Compare Fractions: Find the Missing Sign Between 2/3 and 6/4

Video Solution

Solution Steps

00:04 Let's find the correct sign.

00:07 We need a common denominator for our fractions.

00:11 So, we'll multiply each fraction by the other's denominator.

00:16 Remember, multiply both the top, and bottom numbers.

00:26 Let's apply this method to the second fraction.

00:31 Multiply by the second fraction's denominator.

00:35 Again, multiply both numerator, and denominator.

00:41 Now our fractions share a common denominator.

00:45 With equal denominators, the larger the numerator, the bigger the fraction.

00:55 And that's how we solve this problem!

Step-by-Step Solution

To solve this problem, we will use cross-multiplication to compare the two fractions $\frac{2}{3}$ and $\frac{6}{4}$ .

Step 1: Calculate the cross products.

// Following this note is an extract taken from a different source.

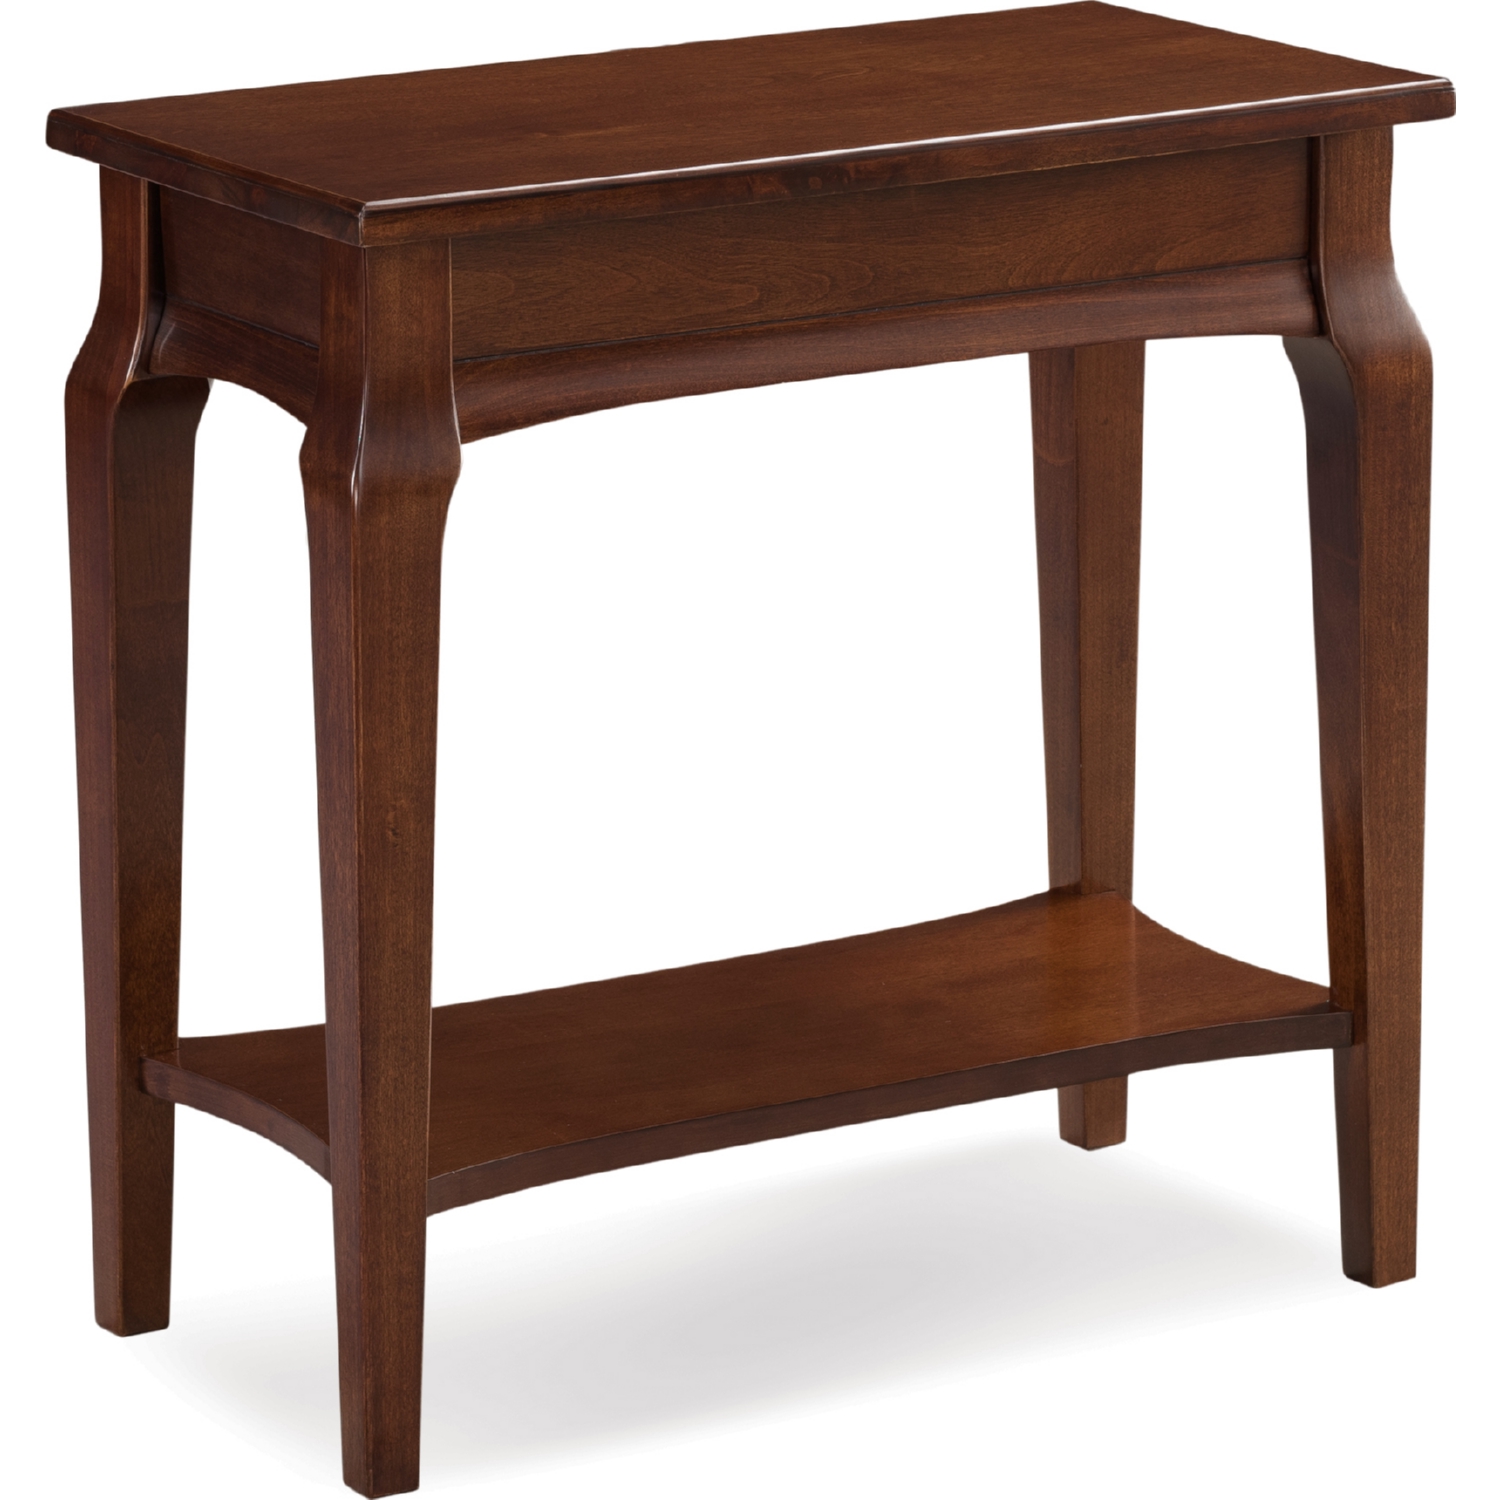 Leick 22005 Stratus Narrow Chairside End Table In Heartwood Cherry

Multiply the numerator of the first fraction by the denominator of the second fraction, and the denominator of the first fraction by the numerator of the second fraction.
Step 2: Compare the two products to determine which fraction is larger.

Now, let's work through the steps:

Step 1: Cross-multiply the two fractions:
$\text{First Product} = 2 \times 4 = 8$
$\text{Second Product} = 3 \times 6 = 18$

Step 2: Compare the resulting products:
Since $8 < 18$ , it follows that $\frac{2}{3} < \frac{6}{4}$ .

Therefore, the solution to the problem is $<$ .